- _What you should do_: Return the lines of the material below exactly, beginning with the line that has "Shivaji Maharaj Paint" in it and finishing with the line that has "Public Sector Asset" in it. Leave all pictures aside.

*** Opening of Provided records ***

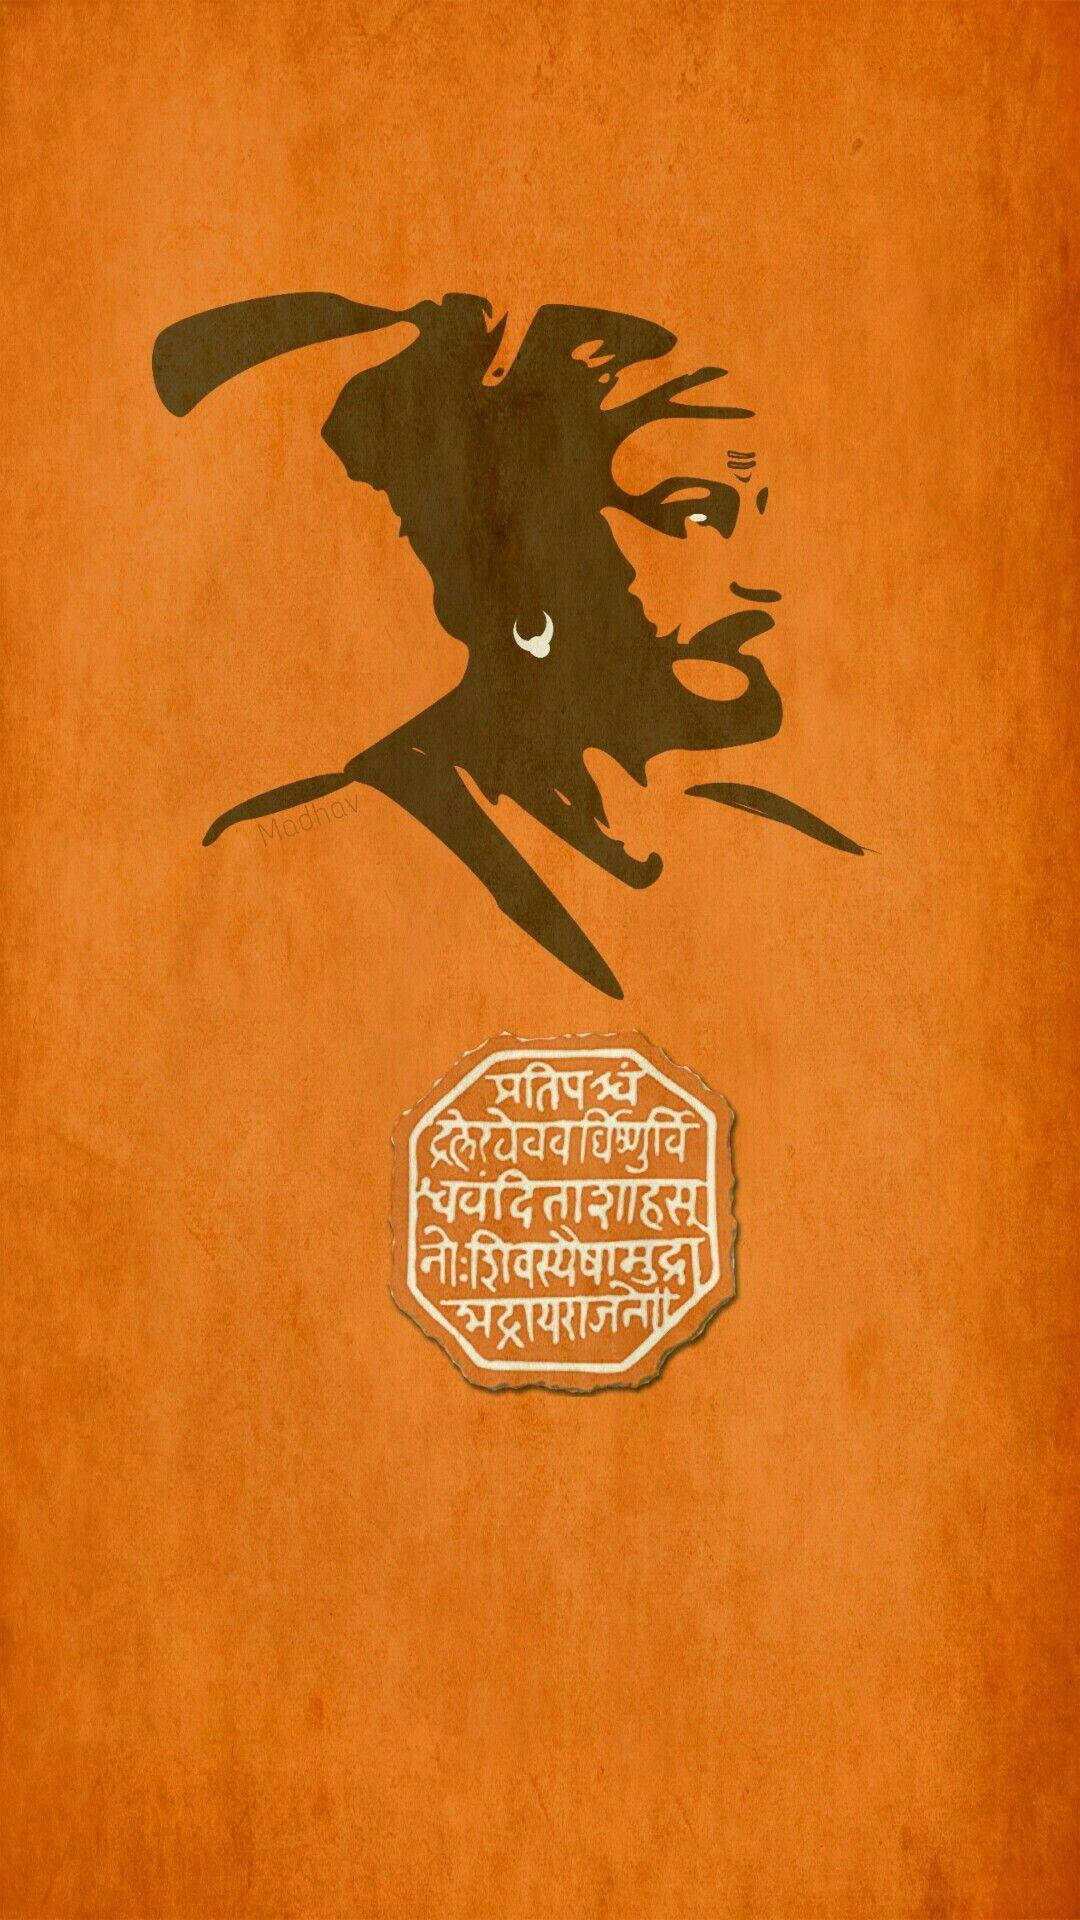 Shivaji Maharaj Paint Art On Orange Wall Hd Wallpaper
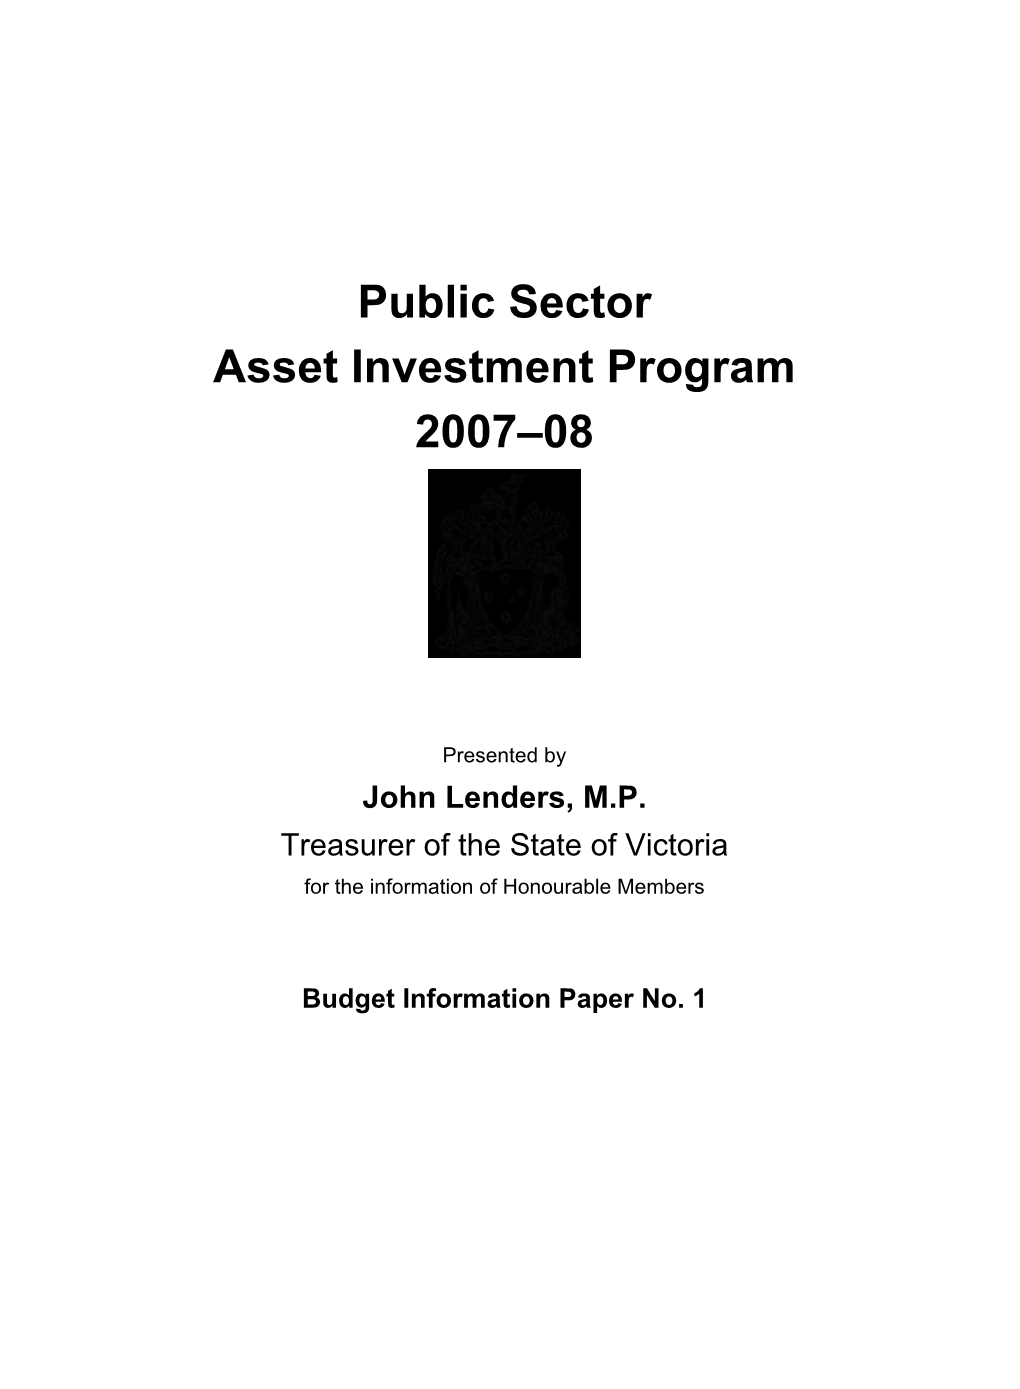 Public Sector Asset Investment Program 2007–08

*** Close of Provided records ***
*** Opening of Provided records ***

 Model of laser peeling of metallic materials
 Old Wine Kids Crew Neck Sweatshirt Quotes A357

*** Close of Provided records ***

- _Answer for this exercise_:
 Shivaji Maharaj Paint Art On Orange Wall Hd Wallpaper
 Public Sector Asset Investment Program 2007–08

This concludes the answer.